The supplementation of vitamin D alone provided significant protective effect against the occurrence of sarcopenia and significant increases in muscle strength in postmenopausal women [29]. In a 2 × 2 factorial-design trial, subjects were randomly assigned either to a whole-body vibration (WBV) or a no-training group, receiving either a conventional dose (880 IU/day) or a high dose (1,600 IU/day) of vitamin D [30]. A higher dose of vitamin D did not provide additional musculoskeletal benefit compared with conventional doses.

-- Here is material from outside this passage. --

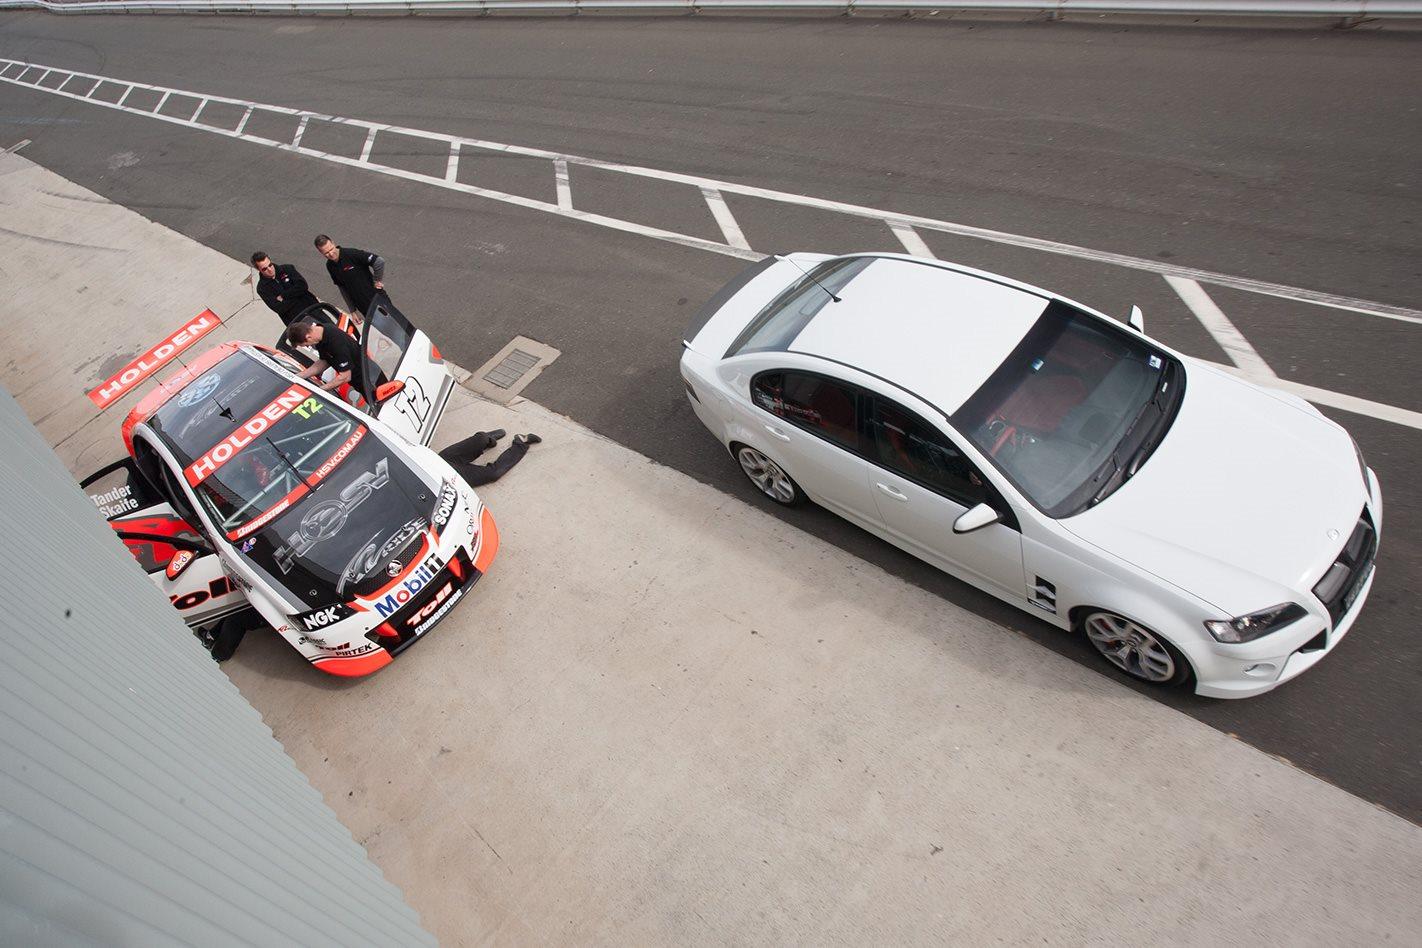 HSV-V8-Supercar-vs-HSV-W427-pitstop.jpg

A protein-enriched diet equivalent to 1.3 g/kg/day achieved through lean red meat is safe and effective for enhancing the effects of progressive resistance training on LM and muscle strength [31]. The 13-week intervention of a vitamin D and leucine-enriched whey protein oral nutritional supplement resulted in improvements in muscle mass and lower-extremity function among sarcopenic elderly adults [32]. A high whey protein-, leucine-, and vitamin D-enriched supplement preserved muscle mass during intentional weight loss in obese elderly adults [33].

HMB supplementation for 2 - 4 weeks could reduce muscle breakdown in bed-ridden elderly nursing home residents receiving tube feeding [34]. Daily supplementation of HMB, arginine, and lysine for 12 weeks beneficially altered measurements of muscle functionality, strength, FFM, and protein synthesis [35]. Consumption of a simple amino acid-related cocktail (HMB, arginine and lysine) increased protein turnover and LM in elderly individuals in a year-long study [36].

Conclusion▴Top 

I reviewed published articles about the effects of nutritional factors on sarcopenia. Epidemiological studies suggested that a low protein intake is associated with sarcopenia. The effectiveness and safety of ER for sarcopenic obesity remains unclear. As optimal dietary protein intake, daily 1.0 - 1.2 g/kg with an optimal repartition over each daily meal or 25 - 30 g of high quality protein per meal were recommended to prevent sarcopenia, which was supported by some observational studies. Cheese and milk protein, EAA, leucine, HMB and vitamin D have been investigated as a potential supplement to improve muscle quality in sarcopenic elderly people. Some studies showed the effectiveness of these nutritional factors for sarcopenia. However, we should consider the appropriate concomitant energy intake, the combination of these factors and the combination with physical activities, to develop a better management for sarcopenia. Further studies, preferably with larger numbers of elderly subjects, will be needed.

Competing Interests

The authors declare that they have no competing interests.

Funding

This work was funded by a grant from the National Center for Global Health and Medicine (26-112).